• Data segment
=== Section Start ===

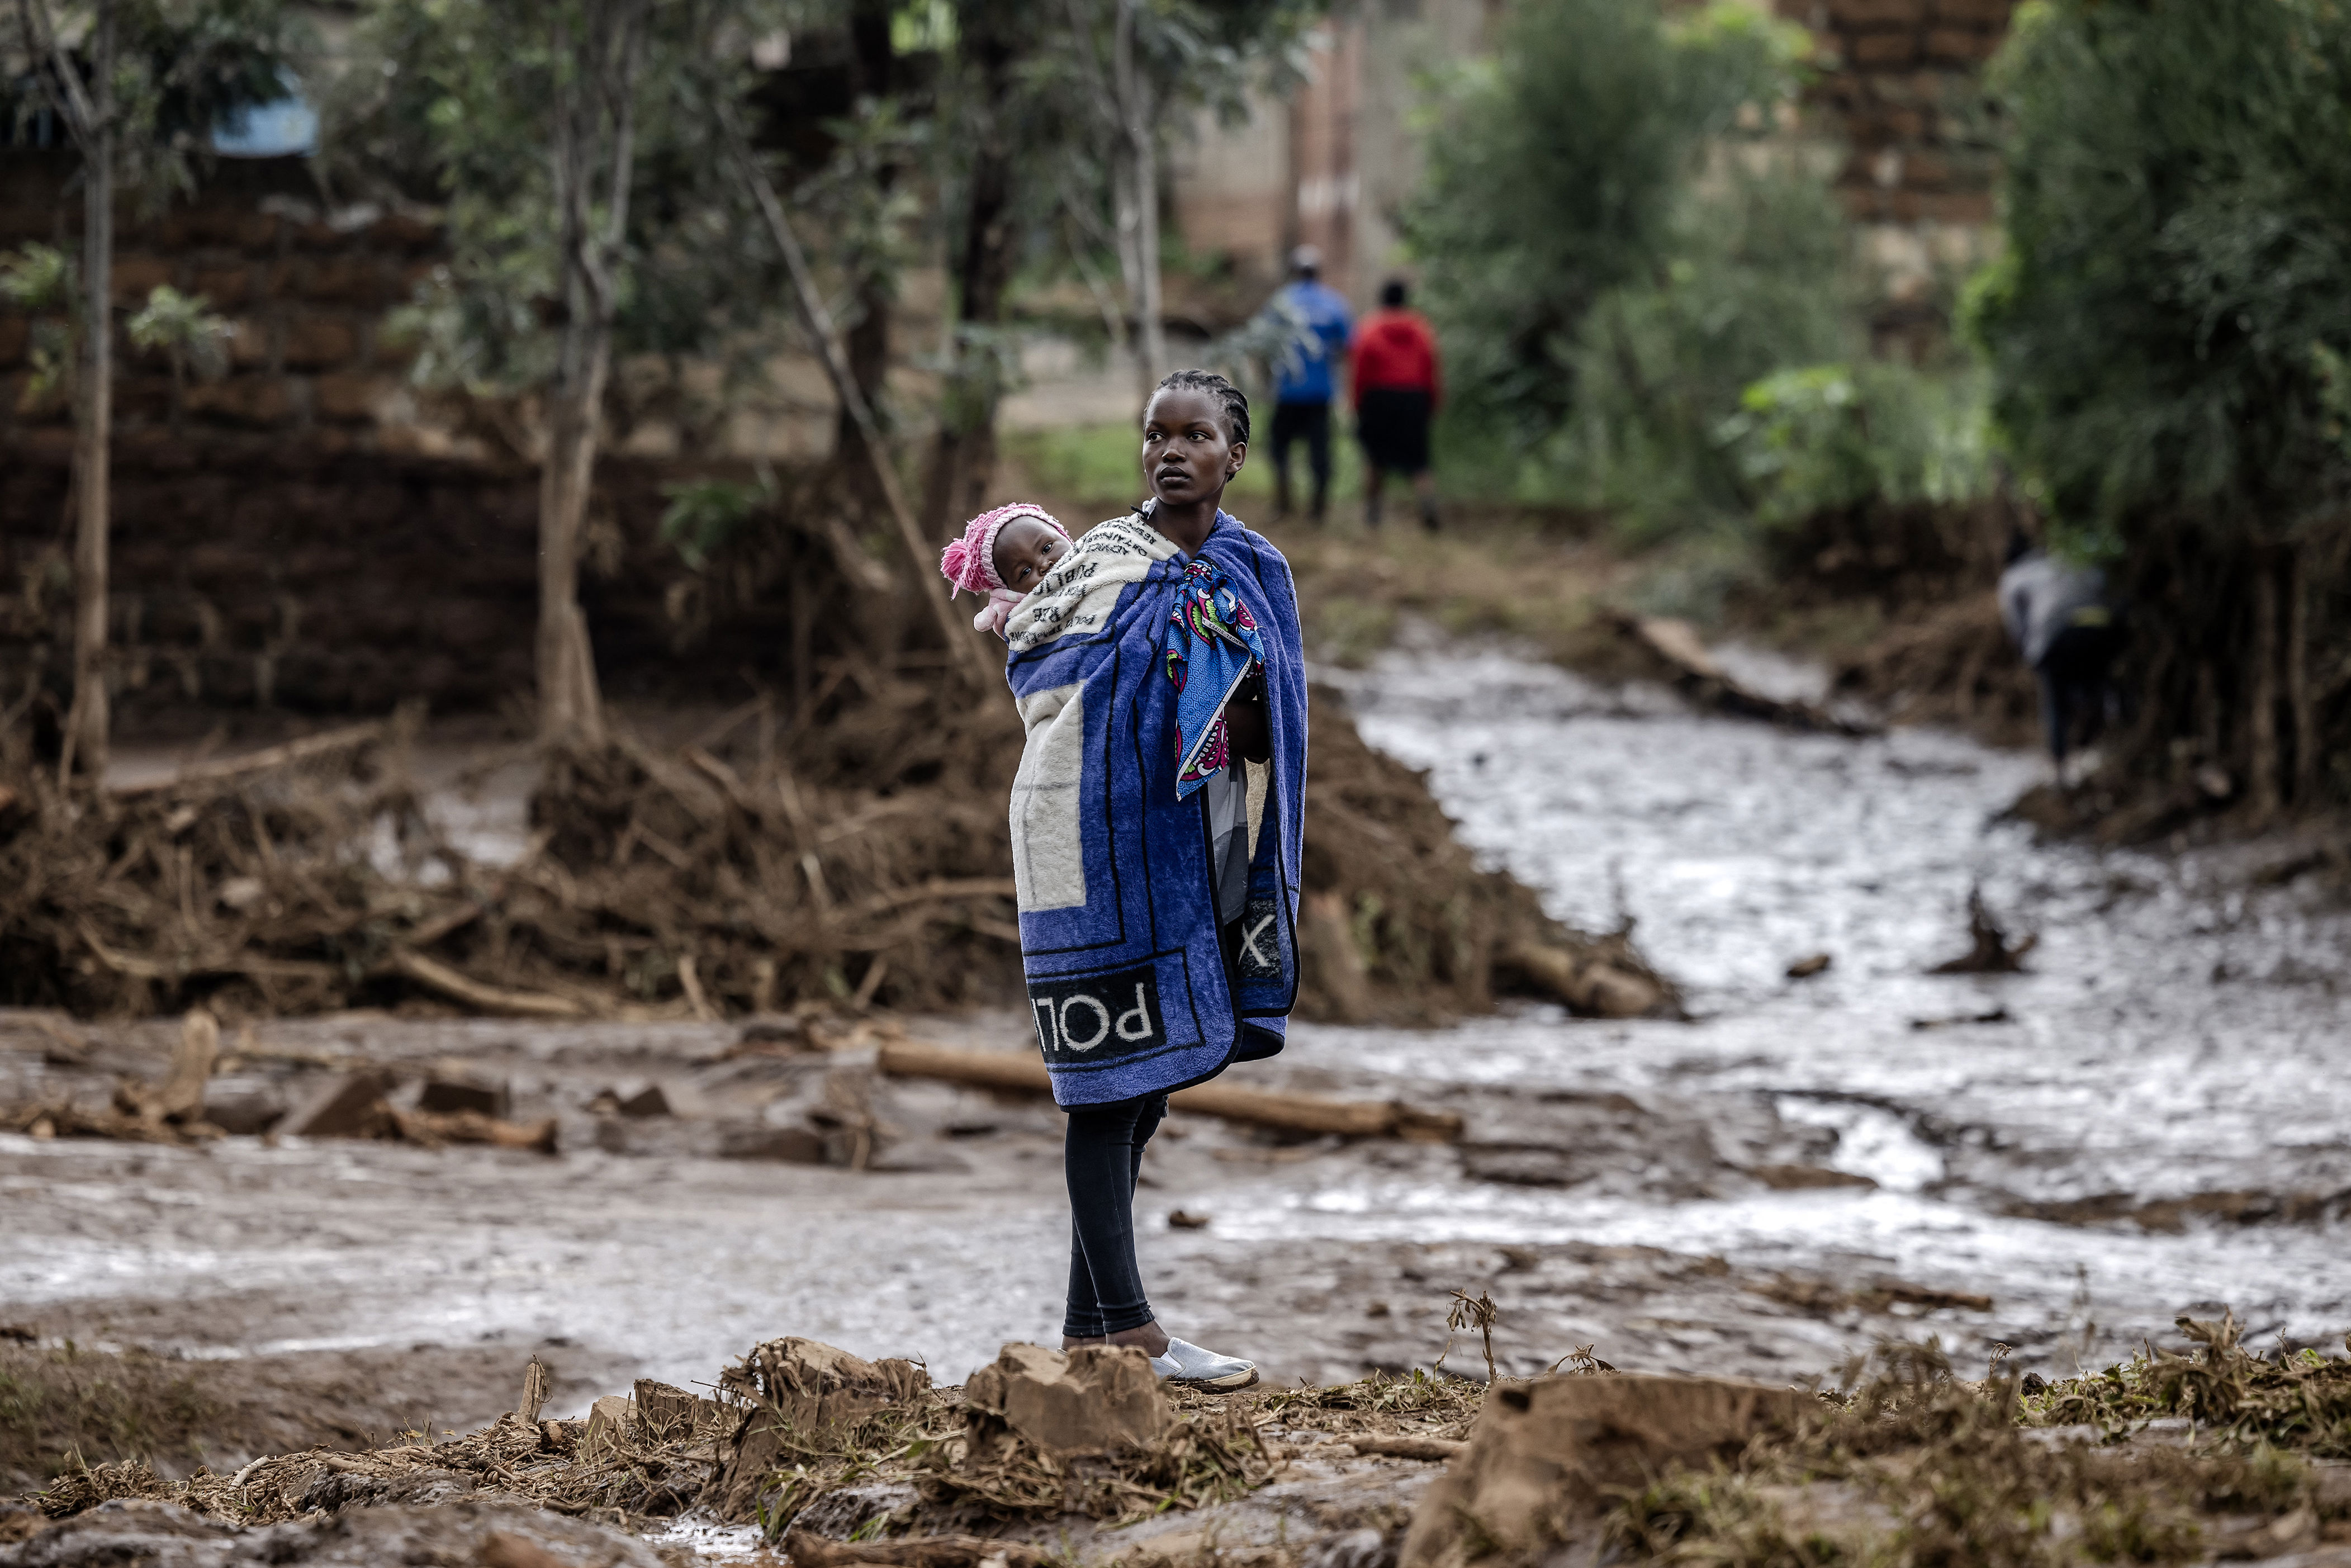 death toll reaches 181 in kenya floods amid ongoing heavy rains
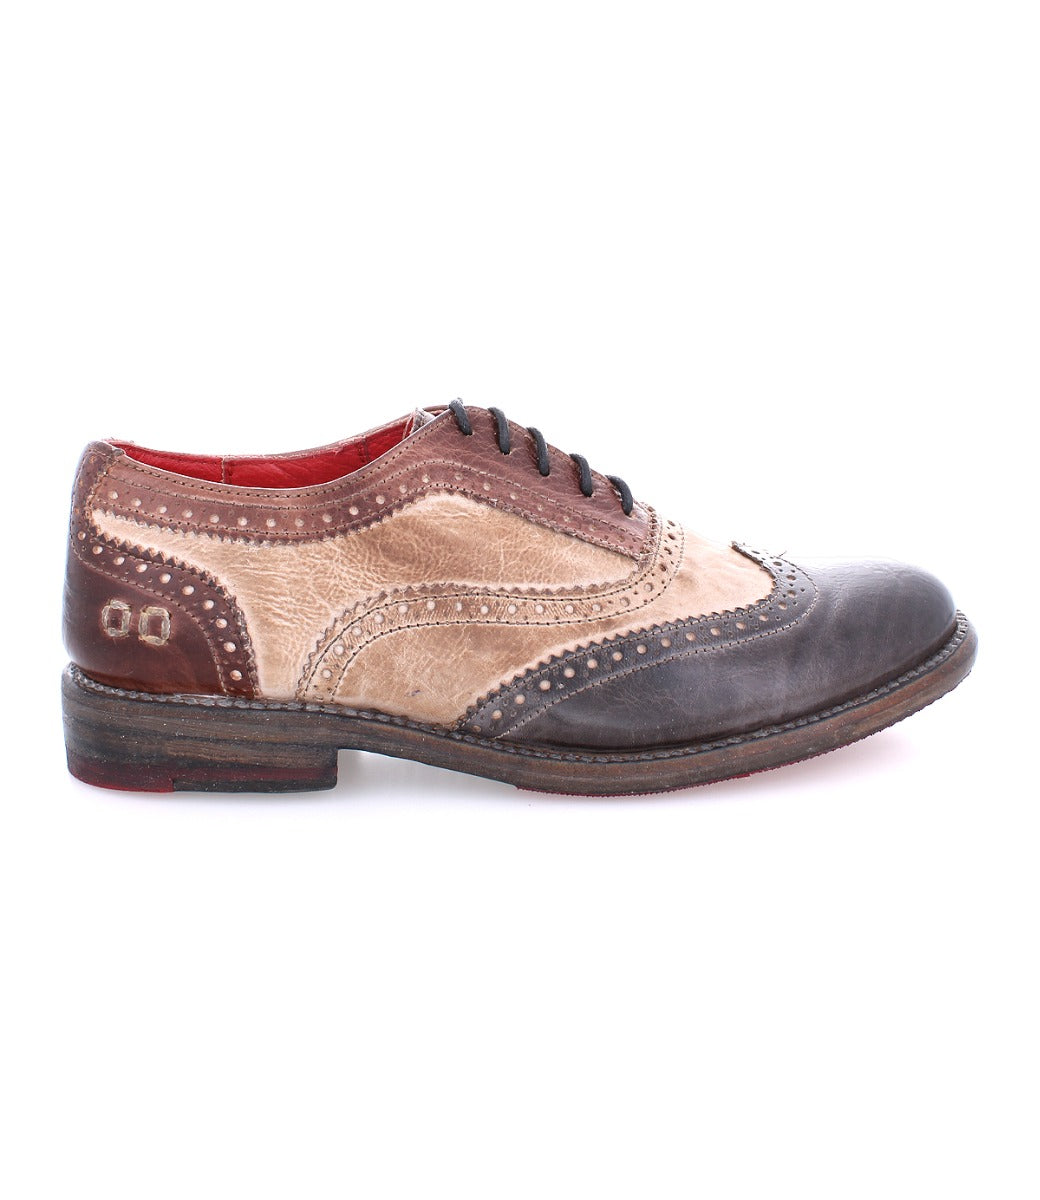 A woman's wingtip oxford shoe, the Lita by Bed Stu, with brown and black detailing.
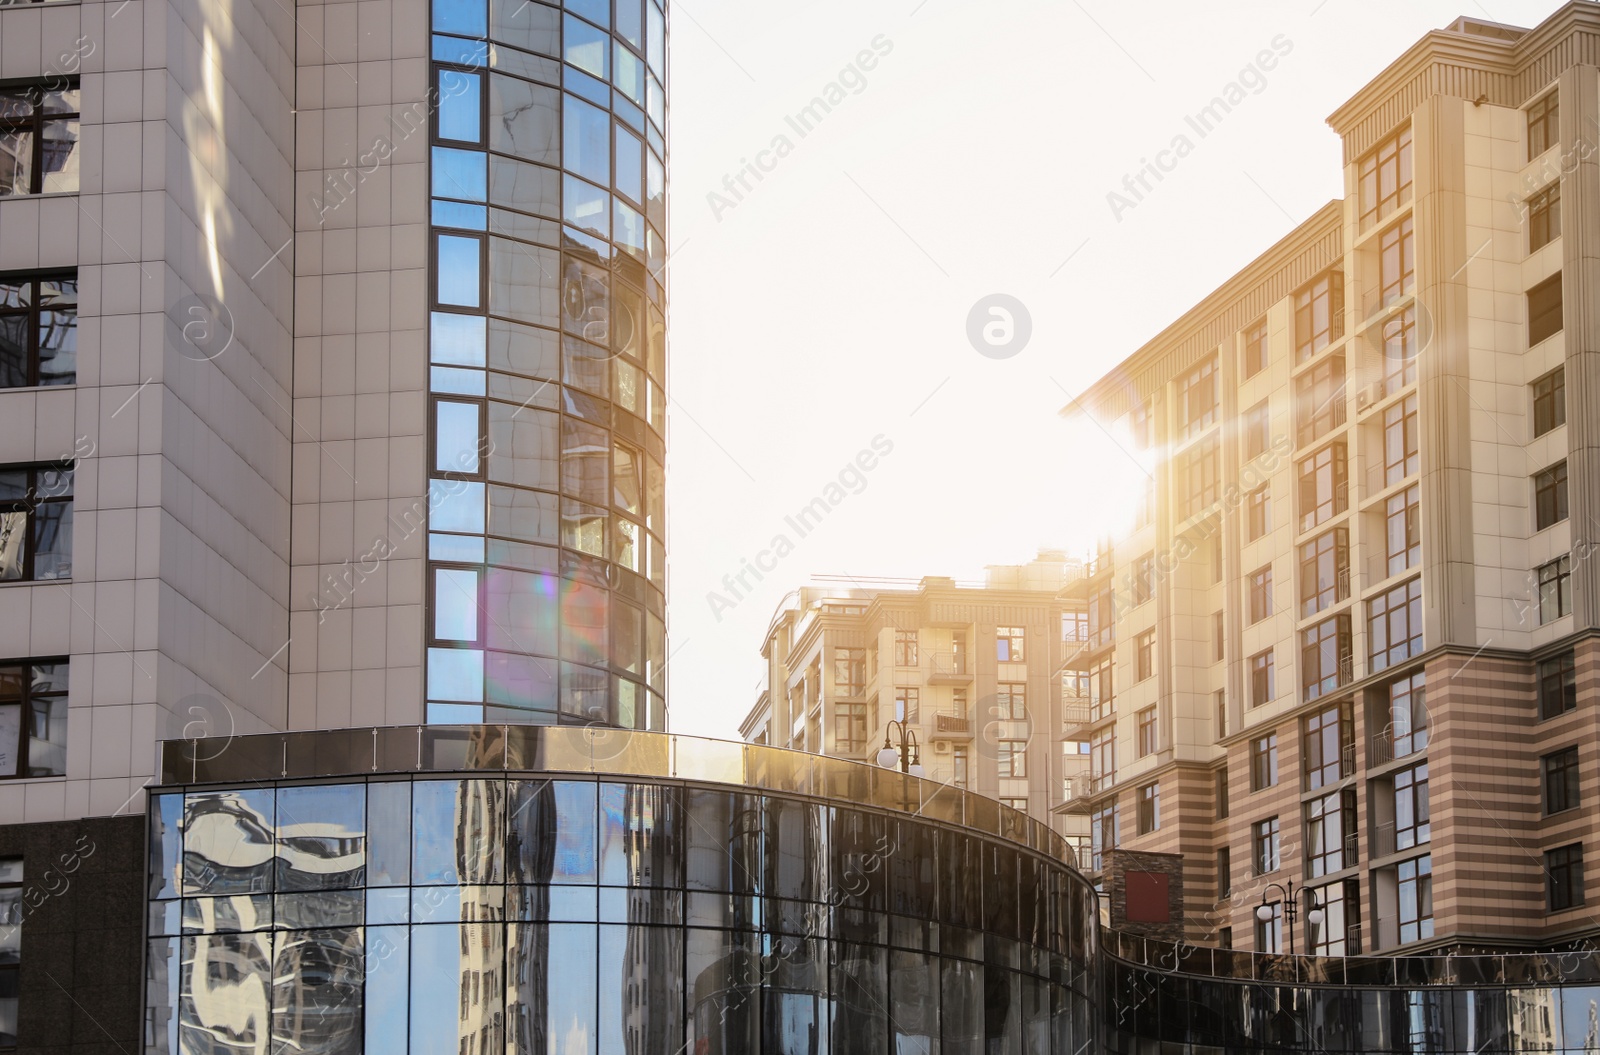 Photo of Modern buildings with tinted windows against sky. Urban architecture

=== Section End ===

• Directions
Would you copy out every line of the data above exactly, minus the pictures?

• Answer box
 death toll reaches 181 in kenya floods amid ongoing heavy rains
 A woman's wingtip oxford shoe, the Lita by Bed Stu, with brown and black detailing.
 Photo of Modern buildings with tinted windows against sky. Urban architecture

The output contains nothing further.